With optimism restored, the results soon followed. A run of 12 straight league wins to conclude the season saw Madrid haul in Barca’s nine-point advantage at the top of the table and miss out on the title by just a point.

In the Champions League, inconsistent performances were rescued by sheer lung-bursting courage. Overturning a 2-0 deficit to Wolfsburg, scraping by Manchester City and holding their penalty shootout nerve in the final against Atletico Madrid were all triumphs borne out of a will to fight for the new coach as much as the application of talent.

Sharper football, better results, European glory at the expense of Atleti – it all feels eerily familiar. Add in a Super Cup against Sevilla, amid another transfer window of uncertainty and a defiant attempt to decide how to fit James Rodriguez into the team, and you might just think it was 2014 all over again.

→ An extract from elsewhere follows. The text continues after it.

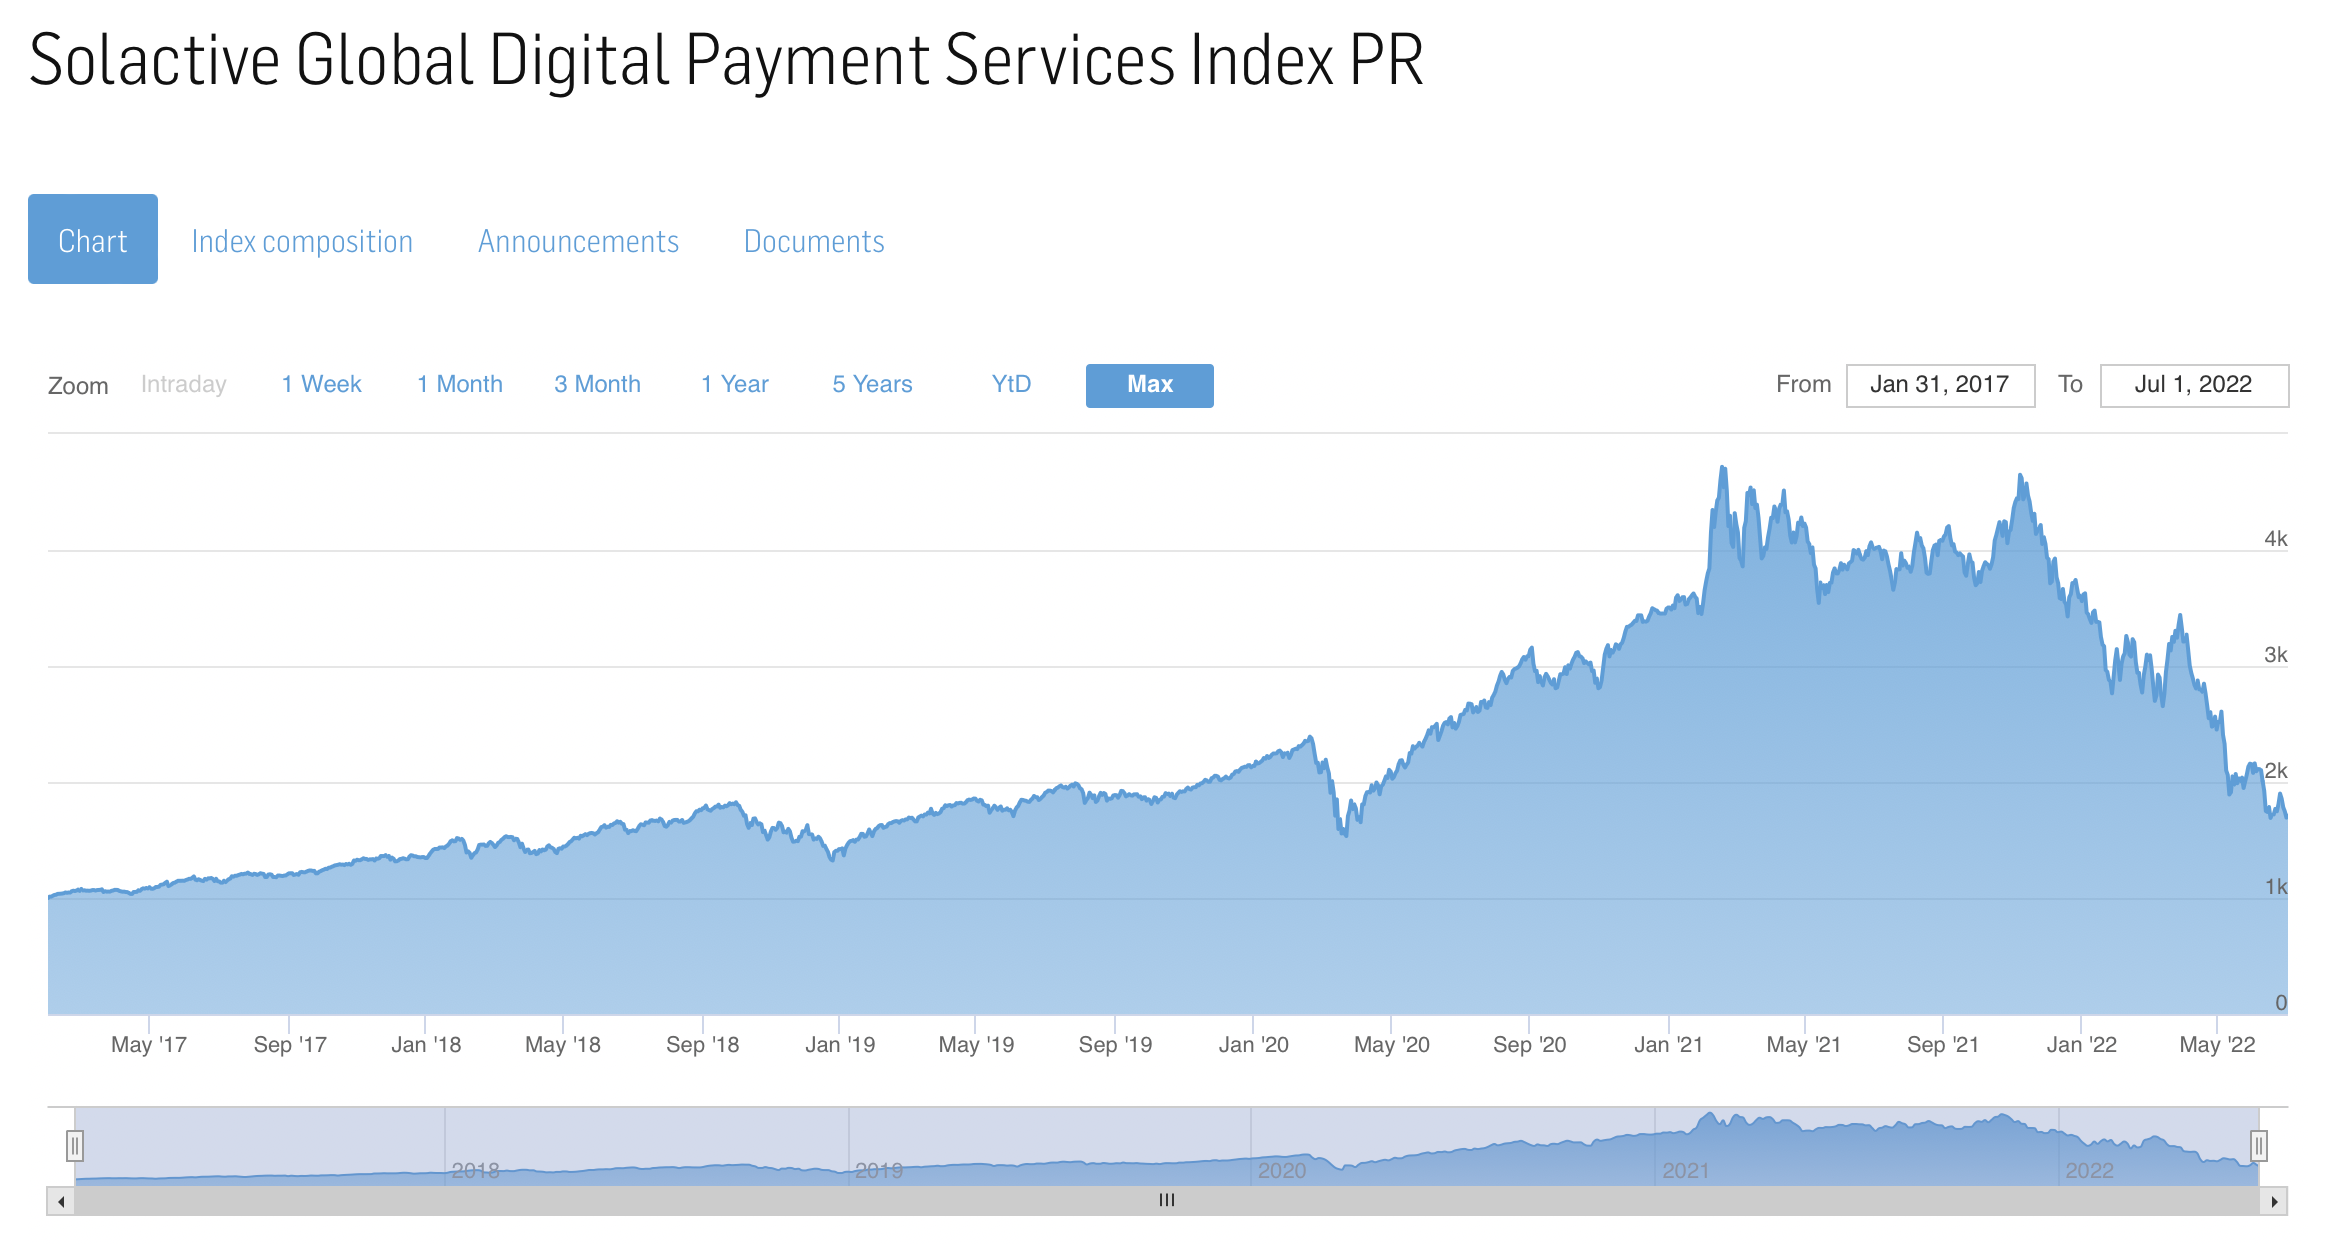 Solactive Global Digital Payment Services Index PR 成立以來走勢，擷取自官網，2022.7.2

In many ways, this is an important game for Zidane. A scarcity of major signings – only Alvaro Morata has arrived – and a humbling pre-season loss to Paris Saint-Germain have let a few doubts creep in for the first time.

Lifting the first trophy of 2016-17, especially with Ronaldo one of a number of key names missing as he rests a knee injury, would maintain confidence in the former France star’s methods at the start of another crucial campaign.

But regardless of this result, only the major trophies handed out in May will guarantee Zidane’s place on the Madrid bench heading into a third campaign. Ancelotti can vouch for that.